隣にいる人にこのままいけば勝てるかもしれない。 そんな考えがペースを落とさせない。 (´・ω・`)(ラストっ!) そしていよいよ、ラストのクロールに突入した。 もう、残っている力を全て注ぎ込み、腕を、足を動かす。 (;´・ω・`)(うっ) 体の疲労が、そろそろ限界に達しようとしていた。 だが、あと、あと50mもない。 あと少し、あと少しだけなんだ。
- 12 名前:以下、無断転載禁止でVIPがお送りします:2016/06/11(土) 23:44:06.426 ID:FebFiyUa0
- (;´・ω・`)(......)
思い出したのは去年の自分。 あのボロボロだった自分。 だがまだ、あんなに苦しくない。 まだ僕は、泳げている。 辛いけど、まだ、まだいけるはず。 (;´・ω・`)(っ!) ここから何を考えてたとか、さっぱり覚えていない。 ただひたすらに腕を回し、足を動かしていた。 無心だった。 何も考えず、がむしゃらに泳いでいた。 赤い線が見えた。 ラスト5mの合図。 息を止め、最後の力を振り絞る。 あと、もう少しだけ。 苦しくても、力を出しきるんだ。 (;´・ω・`)「っは!」 腕を目一杯伸ばして壁にタッチし、顔をあげ空気を肺に取り込む。 軽く、深呼吸をしながら電光掲示板を見てみる。
- 14 名前:以下、無断転載禁止でVIPがお送りします:2016/06/11(土) 23:46:17.143 ID:FebFiyUa0
- (;´・ω・`)(......あ)
そこにはこのレース内の順位とタイムが表示されていた。 このレースでの順位は、一位。 何度見直しても、そこには僕がトップだった記録が表示されていた。 (;´・ω・`)(......) 別にレース内で一位をとっても意味はない。 全体の順位がよくなければ決勝にはいけないのだから。 だから今回、一位だったのはたまたま組まれたレースが運よく僕が一番速かっただけで。 こんなのは単なる偶然で。 どうせ決勝には出れないのだから意味なんてない。 無い、けれど。 (´・ω・`)「......っし」 心の底からただ、嬉しかった。

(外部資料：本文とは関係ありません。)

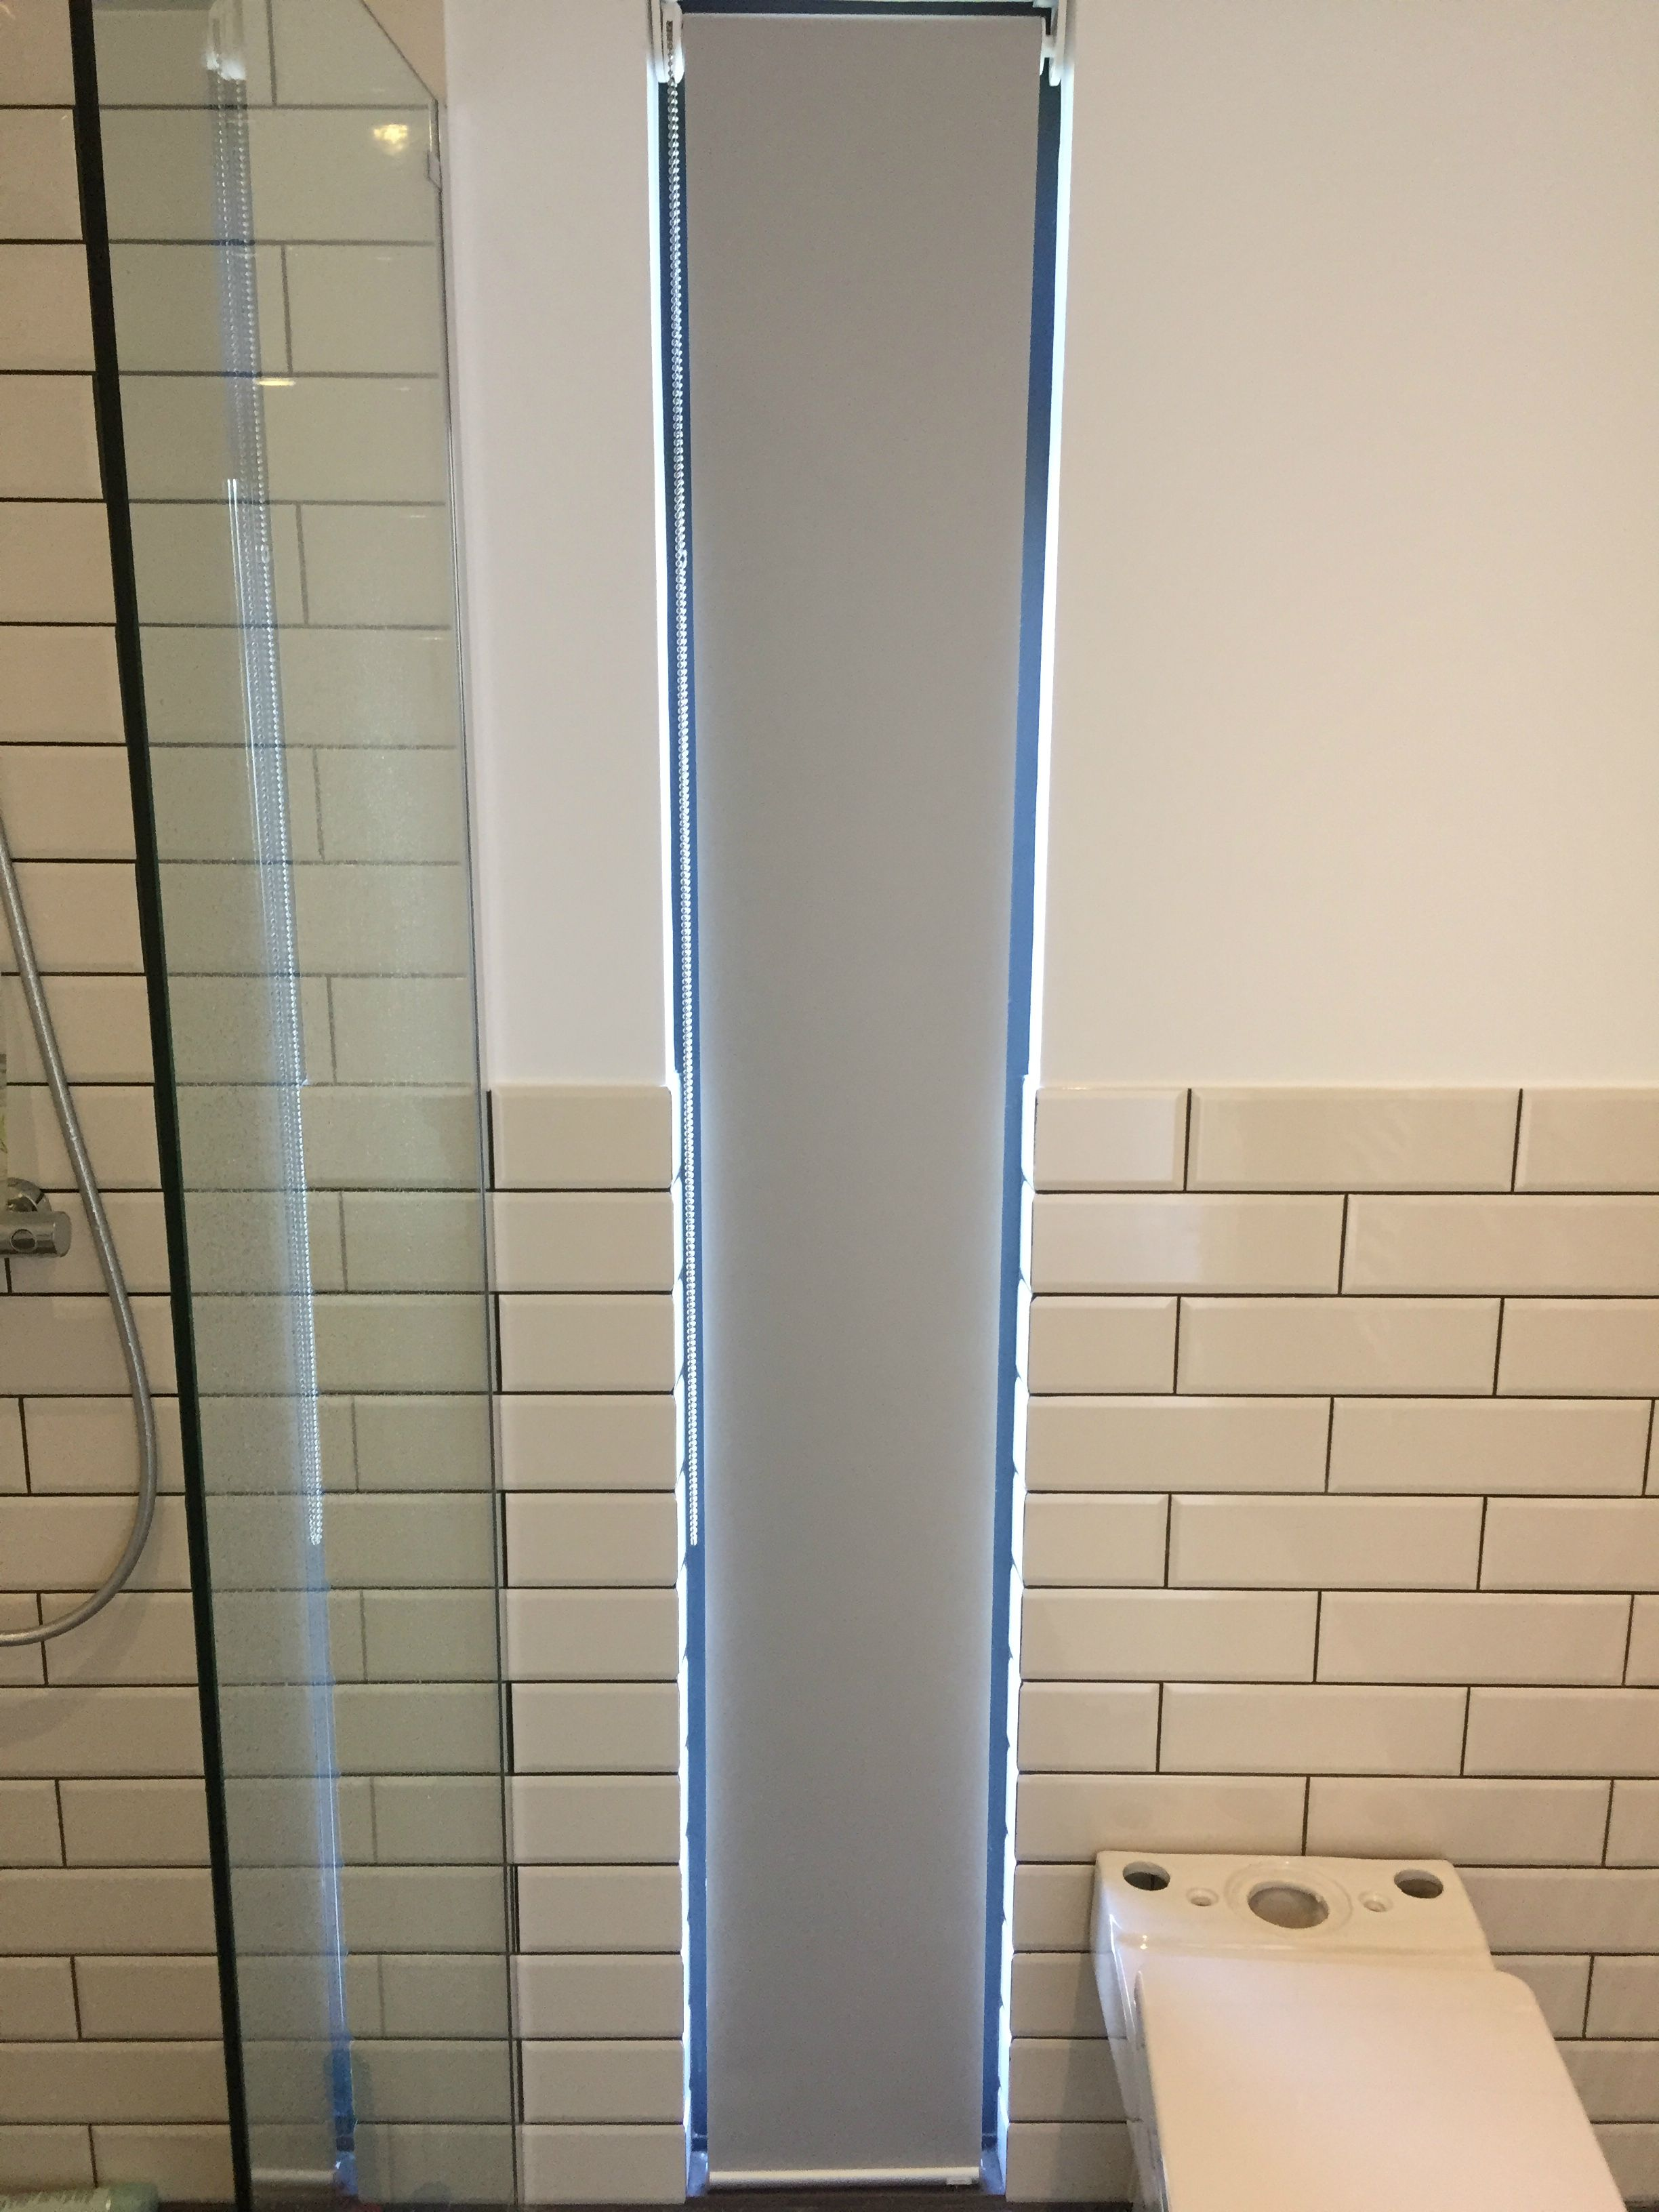 Waterproof Roller Blind Installed Reverse Roll For Ensuite - Waterproof roller blind for bathroom for bathroom decor ideas

- 16 名前:以下、無断転載禁止でVIPがお送りします:2016/06/11(土) 23:48:29.387 ID:FebFiyUa0
- ダウンを行い、観客席へと戻る。
大会もそろそろ終わりに近いこともありみんな疲れた顔をしていた。 特に一年は声だしをやらされてるせいか更に死んでるようにみえる。 確実に泳いでだけではない疲れ具合。 何とも無駄な体力消費だ。 ( ´∀`)「ん、お、戻ったの。お疲れ」 (´・ω・`)「え、あ、はい。お疲れ様です」 ( ´∀`)「良いタイムだったね。ベスト、だよね?」 (´・ω・`)「っす」 ( ´∀`)「そーかそーか。ベストか。おめでとう。今年からstyle1変えてあれなら上々だよ」
- 17 名前:以下、無断転載禁止でVIPがお送りします:2016/06/11(土) 23:50:50.230 ID:FebFiyUa0
- (´・ω・`)「......」
( ´∀`)「ま、今年は残念だったけどちゃんとタイムはのびてるし、来年こそ決勝に行こうね。モナも出来る限り頑張るよ」 (´・ω・`)「はい」 結局今年も、僕は上位16人のなかに入ることは出来なかった。 順位は26位。 まあ、分かっていたことだしそこまで落ち込むことはないけれど。 (,,゚Д゚)「おっ、ショボン!」 (´・ω・`)「あ、先輩」 (,,-Д゚)「惜しかったなぁ。ターンとか色々つめりゃもっと行けただろ?」 (´・ω・`)「あ、はは」
- 18 名前:以下、無断転載禁止でVIPがお送りします:2016/06/11(土) 23:52:53.801 ID:FebFiyUa0
- (,,゚Д゚)「ほら、ビデオ。来年に繋げるためにしっかり見ろよ!」
(´・ω・`)「......うっす」 (,,゚Д゚)「ほらこことかよく見ろ。ここはこうした方が」 (´・ω・`)「あー」 流石に終わっていきなりこれは気分が滅入る。 勘弁してほしい。 ただそんなことを言えるわけもなく。 (,,゚Д゚)「それでここはだな」 (´・ω・`)「あー」 蒸し暑い中、熱い指導が続く。 多分このとき、僕の顔も後輩と同じくらい死んでいたと思う。 それほどに、苦痛だった。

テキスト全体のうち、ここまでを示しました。